Goodreads Doesn't Have It, Data Migration: Extracting Profit
This would be five stars but it makes a lot of the same mistakes that many of the content I've bought from Haymarket books has been guilty of; mainly identifying the problem, but not doing a study why what they want, "a worker's unification" isn't working. They failed to put together that "stomach politics" --voting from need, and voting because a fundamental, basic need is being filled by a certain party -- is precisely the technique that allows for the illusion of democracy that keeps international extractive interests in power by not alerting them to the non-democratic violation happening because it was a "democratic" election. Voting from the stomach or voting from the housing need should not be viewed as a democratic election; it should be viewed as an extortion of human rights. Then, when these individuals are in charge they walk back on their promises and jail and even torture anyone who points that out. What democratically elected individual would risk losing their constituency in such a way when called out for false promises, other than one that never respected it to begin with and knows there's nothing to alienate...just a few foreign powers to play a "democratic vanity" game with? To me, this book shows me not that we need a "worker's unification" which a democracy should be, but rather we need to stop calling elections that don't receive fulfilled promises and force their vote through providing for basic needs democratic. We need true democracy, but the problem is that's not possible without a small period where the foundation is revamped so that needs are covered and next election people aren't voting on need. That is a combination of both of the techniques mentioned in the book.
In addition, the book does in fact concur that China does in fact allow for corruption as a cheap trick to gain more power in Africa without the USA, weaponizing the fact they don't answer to transparency NATO based procedures and simply covering up these illicit (and pretty disgusting enablements) in a black box of lies and lack of transparency which China is notoriously guilty of when it comes to financial and even medical policy. However, "democracy" excuses for extraction by Western countries "concerned about human rights" are just as hypocritical. What's left are indigenous individuals who can't voice their opinions because they are deep in the horrifying process of being stripped of all their resources by two huge powerhouses that are keen to make sure there is no foundation for them to fight back. I think it was very ignorant of the author to say that "instability leads to revolution'; I think that's wrong. Instability is the very tool of these horrifying superpowers to keep the individuals in an ongoing cycle of trauma so they can't cohere their thoughts and kick off their assailant. So that one 'got past the dragon' so the speak.
It also speaks on governing by debt...blaming Africa for the failed neoliberal policies that include deregulation and "flexibilization" based on arbitrary black box issues that are incompetently run due to there being no sincerely interested financial watchdog in the area outside of extractive interests and people vaguely interested in a social revolution without any real plan or ability to speak on how and why it would and doesn't happen.

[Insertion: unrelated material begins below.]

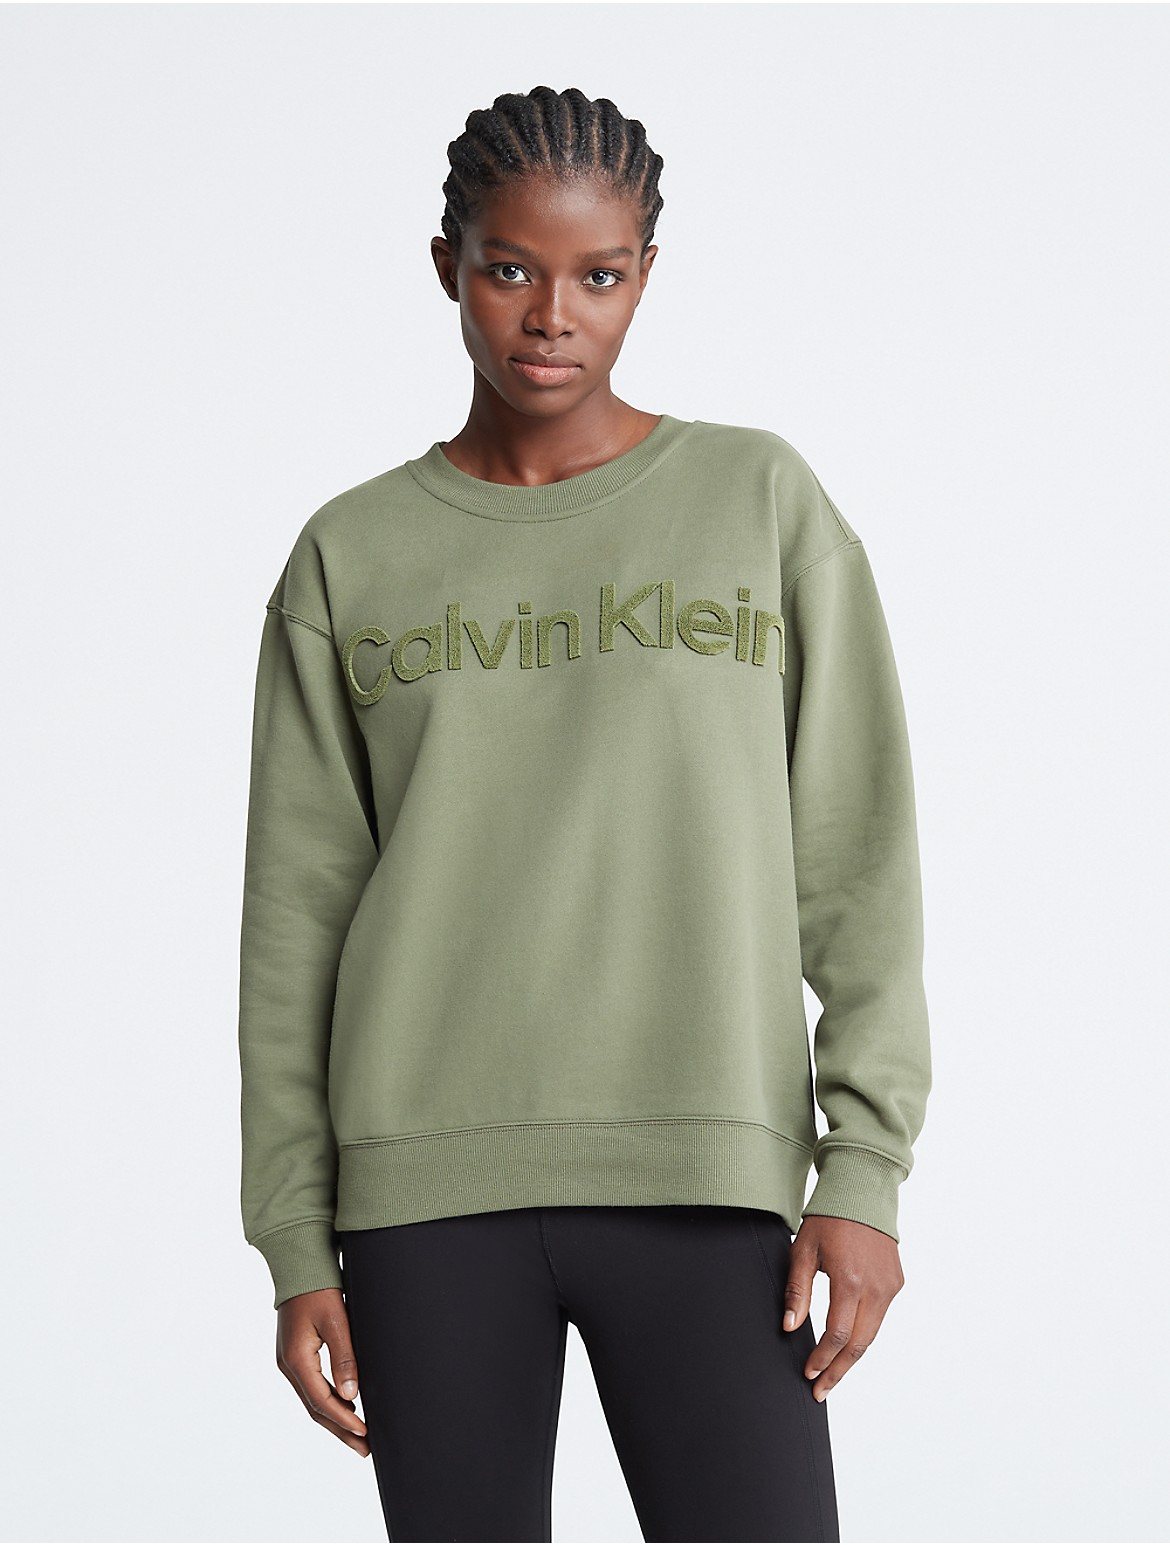 Calvin Klein Women's Velvet Crewneck Sweatshirt - Green - XS

It also speaks on the Africa's known issue of only having raw resources and industry loans being levied by predatory alternations of Chinese corruption-enablement or American/European neoliberal restructuring scams meant to keep local finances covertly destabilized to avoid indigenous empowerment and to keep extractive processes of things like oil uninterrupted all while pretending to care about democracy which is truly horrifying for the reputation of democracy in Africa, and may explain a lot of the anti-democratic thought in Africa...those that believe there "is no real democracy" are not familiar with anarchic democracy but false-face neoliberal democracies used by extractive Western human rights coalitions.

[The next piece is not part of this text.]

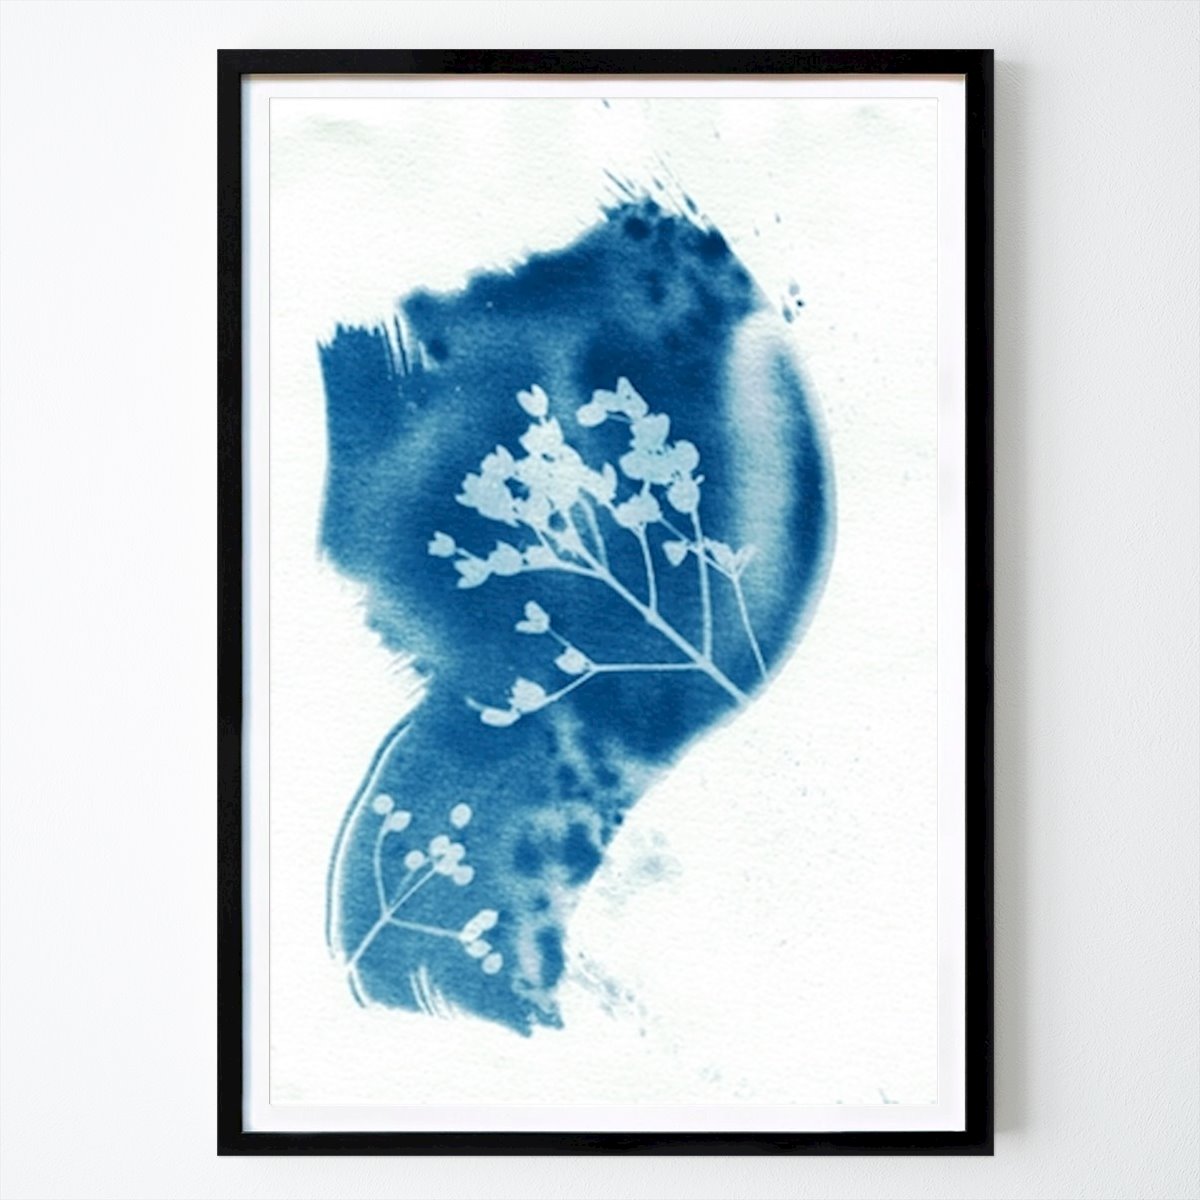 Poster: Abstrakte blaue Natur von Lies Praet von Printler

Depressed wages are also big in this book. Nowhere else but in Africa have I seen wages allowed to get to such a level; another example they gave is the Chinese not giving African miners helmets until they have worked there two months...that's horrifying. The depressed wages, despite being the wages assigned by "human rights" European countries, are kept minimal simply because a lot of times they found Africans that low post-Chinese exploitation, and whatever they say about human rights, the deal was so sweet so they kept it going. They took the temptation and that's something those who actually care should never unsee...when they had to make a hard moral choice that would actually cost them, many of these "human rights" concerned European countries kept covertly going with the horrifyingly dehumanized wage that China had either installed or allowed to happen at the hands of local thugs (usually a combination of both). Then most of the profits go straight into the hands of firms, showing just how bad the extraction was...at a certain point it just becomes clear it's an ongoing financial rape. There's no other way to put it. They can't kick these two off because they're too big, and they're both full of sh*t, to be frank.
Really horrifying book and it told the truth. However, it lacks any sufficiently good plan and analysis for how to get out of that logistically using the knowledge that the book established. I think that's a waste a time to build up the foreknowledge like that only to completely flop when it's time for an actionable, potent plan. It's clear according to the reading the victims don't have the resources to figure that out...so it's up to people that do, like people who write books on Africa for money and have that kind of time to also take the time to come up with a truly doable way out.